A 1,500-year-old skeleton suggests that leprosy may have spread to England from Scandinavia. The bones of the male skeleton show changes consistent with the disease, scientists found, including a narrowing of the toe bones and damage to the joints.

DNA and isotope analyses confirm the leprosy diagnosis and suggest that the man was from southern Scandinavia, possibly the region that is now Denmark. The strain of leprosy he carries dates to the fifth or sixth century A.D.

“We didn’t expect to find leprosy at this early stage in Britain,” said Sonia Zakr­zewski, a bio-archaeologist at the University of Southampton in England and one of the study’s authors. She and her colleagues reported their conclusions in the journal PLOS One.

The skeleton was discovered in Great Chesterford in Essex, England, during the 1950s. The findings make a strong case for researchers to revisit museum collections and perform DNA analyses on skeletons that were discovered long ago, Zakrzewski said.

 

Beetle found, no sign of relatives

A newly identified beetle species in the wetlands of South Africa has no direct relatives on the continent, a study reports.

“To the uninitiated, it looks like yet another black beetle,” said David Bilton, an aquatic biologist at Plymouth University in England and an author of the report, published in Systematic Entomology. “The thing that’s interesting about this one is that it doesn’t have any relatives in the whole of South Africa.”

The diving beetle, Capelatus prykei, is about two-fifths of an inch long — large compared with other diving beetles. Although diving beetles are found worldwide — there are more than 4,000 species — DNA analysis revealed that the new species has no relatives in Africa. “Its closest relatives are in Australia and New Guinea, and in the Mediterranean,” Bilton said.

The beetle lives in the fynbos, an ecosystem in the Western Cape of South Africa. The climate is similar to the Mediterranean’s, contributing to great biodiversity. The region has also been climatically stable for about 9 million years, making extinctions rare.

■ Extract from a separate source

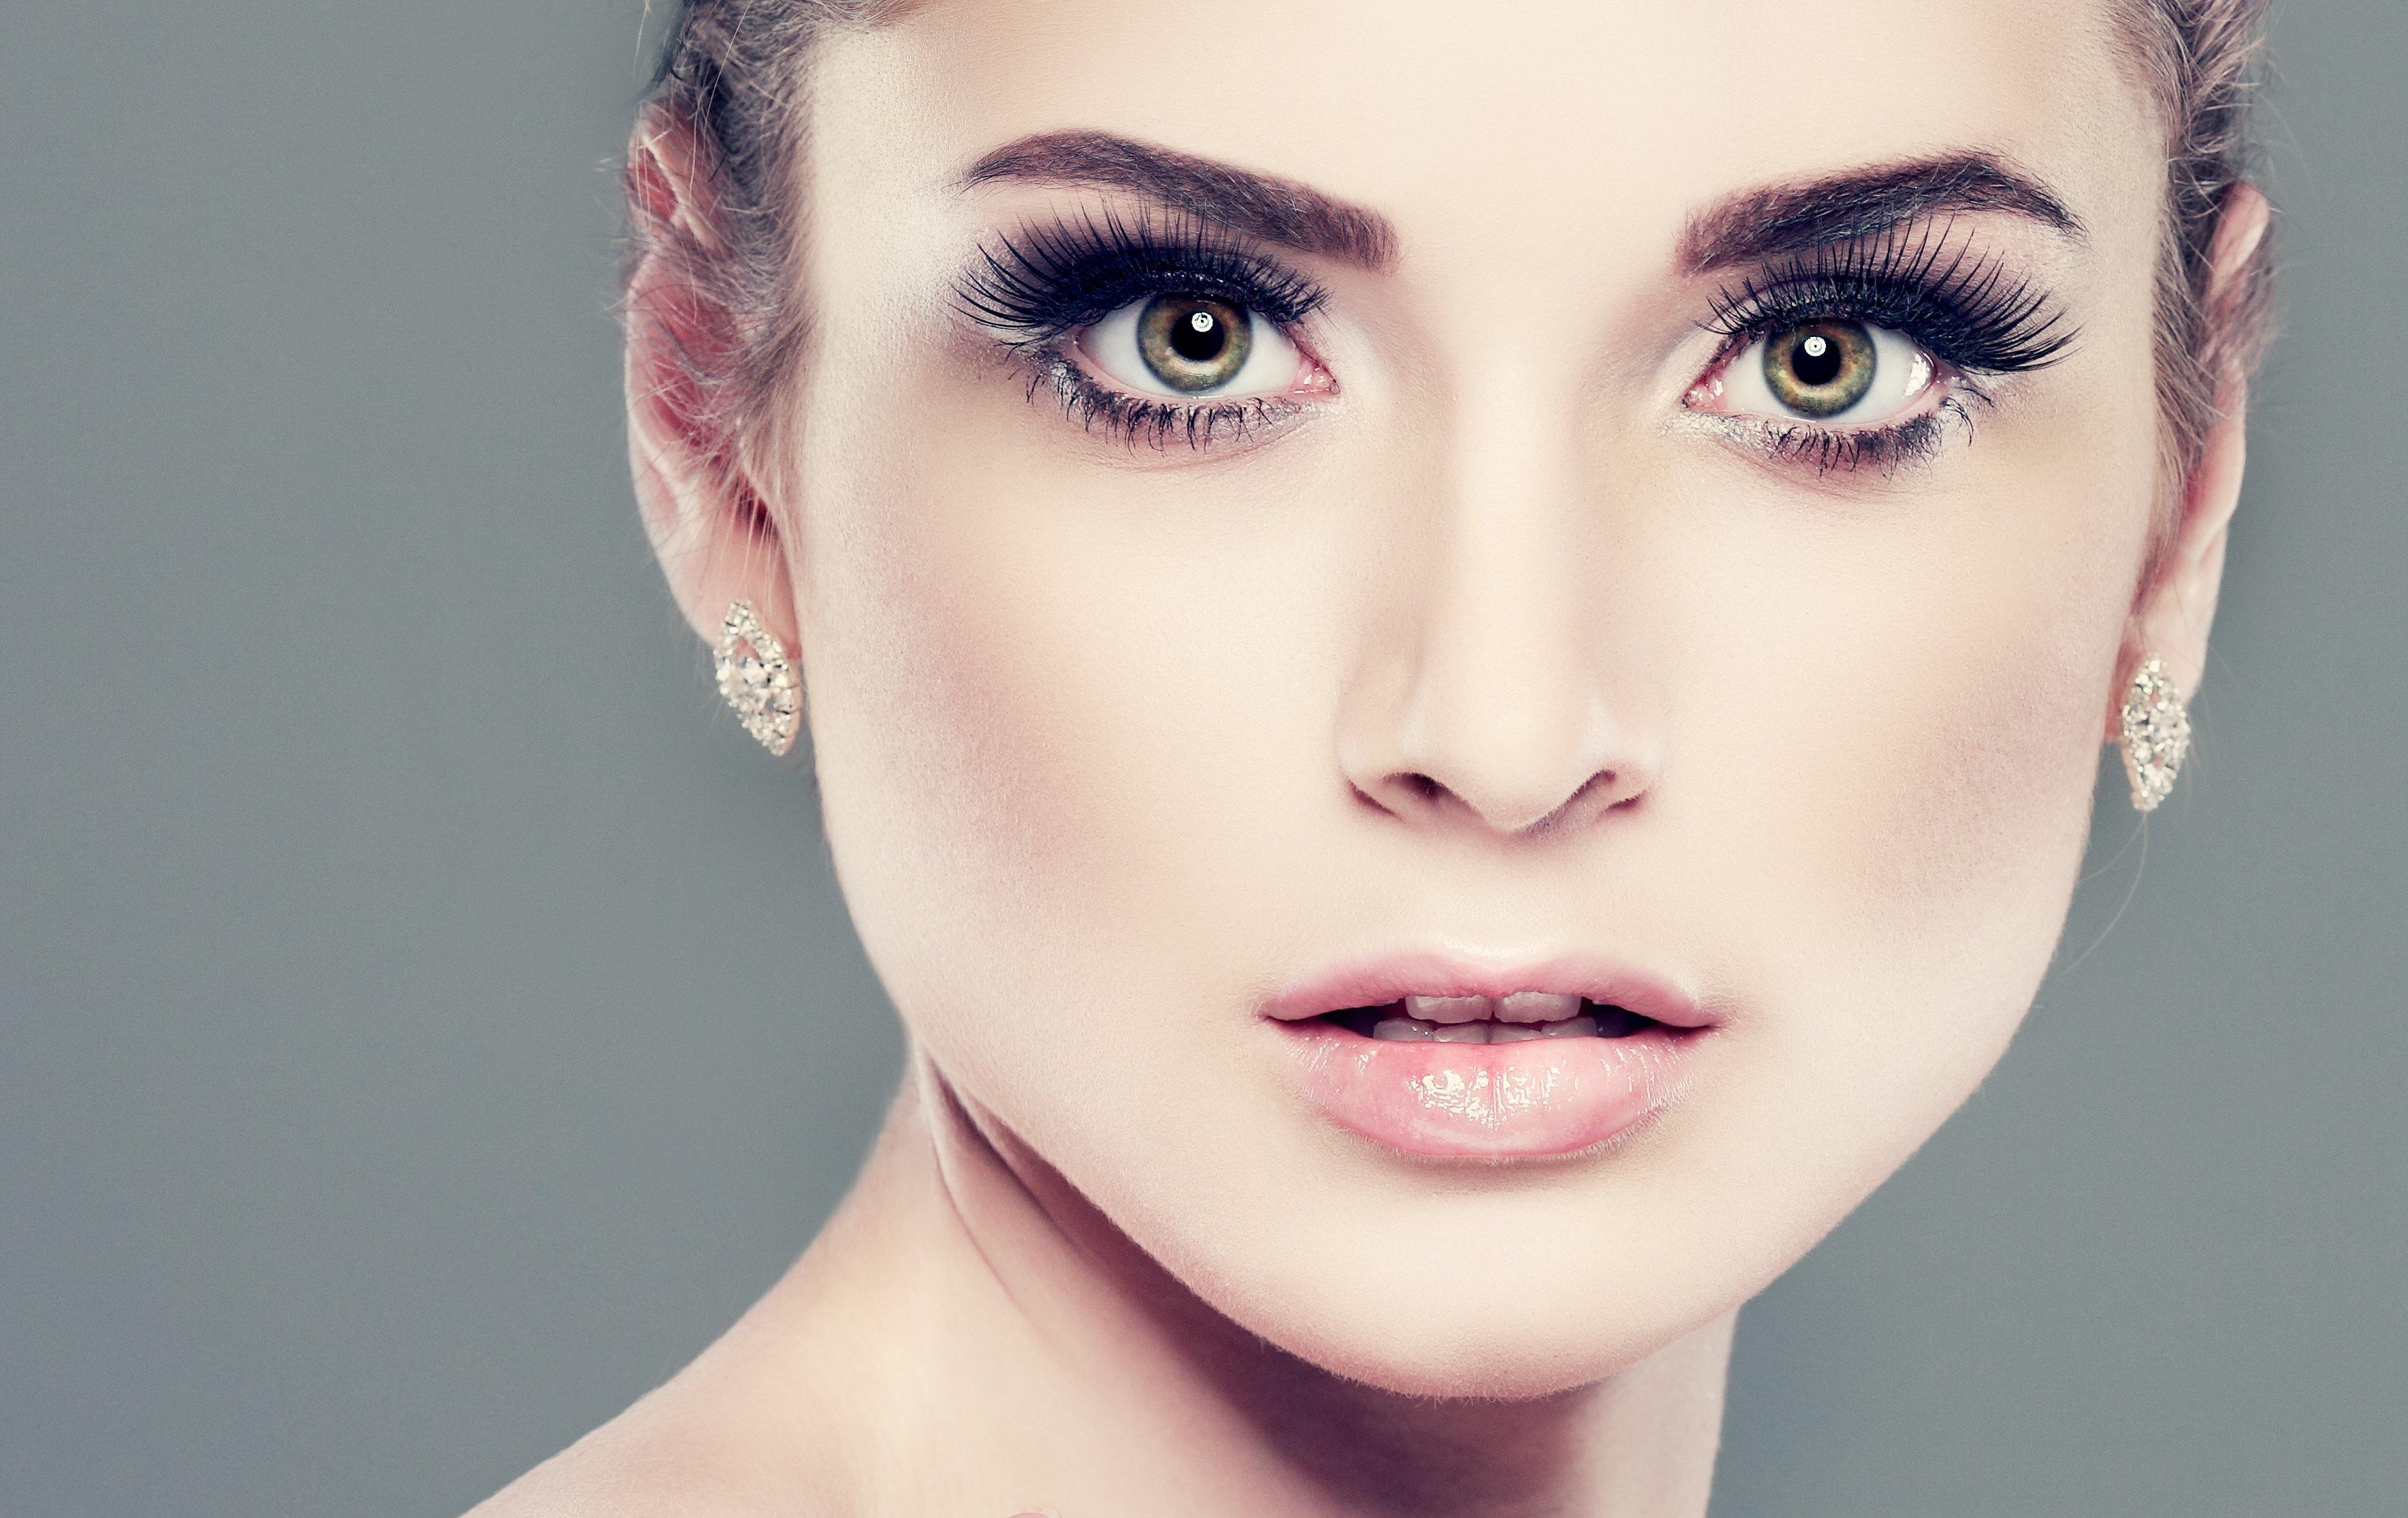 Download Wallpaper Girl Eyelashes Hair Earrings Lips Green Eyes

The researchers know of only one living population of Capelatus, in Table Mountain National Park in South Africa. Other populations may have died out because of urban development, Bilton said.

 

Evidence of particle decay

Smashing protons together in search of strange particles, scientists at the Large Hadron Collider near Geneva said they have discovered signs of particle decays that have long been predicted, but have never before been seen.

The decay pattern of the two B mesons, described in the journal Nature, could help researchers test the limits of the standard model of particle physics and probe unexplained cosmic phenomena, including the existence of dark matter and the dearth of antimatter in the universe. Three years after the discovery of the Higgs boson — a find that earned the theorists who predicted its existence a Nobel Prize — CERN’s Large Hadron Collider has been upgraded to search for particles at even higher energies than before.

 

Wearing red may alter perception

Heads up, men : Pulling on a bright red shirt in the morning may change the way people perceive you.

According to a study published in Biology Letters, most of us think men dressed in red look more aggressive, dominant and angry than if they were clad in gray or blue.

The research team, led by anthropologist Diana Wiedemann of Durham University in England, points out that male zebra finches with red leg bands get more access to resources, and some monkeys have been known to avoid people wearing red.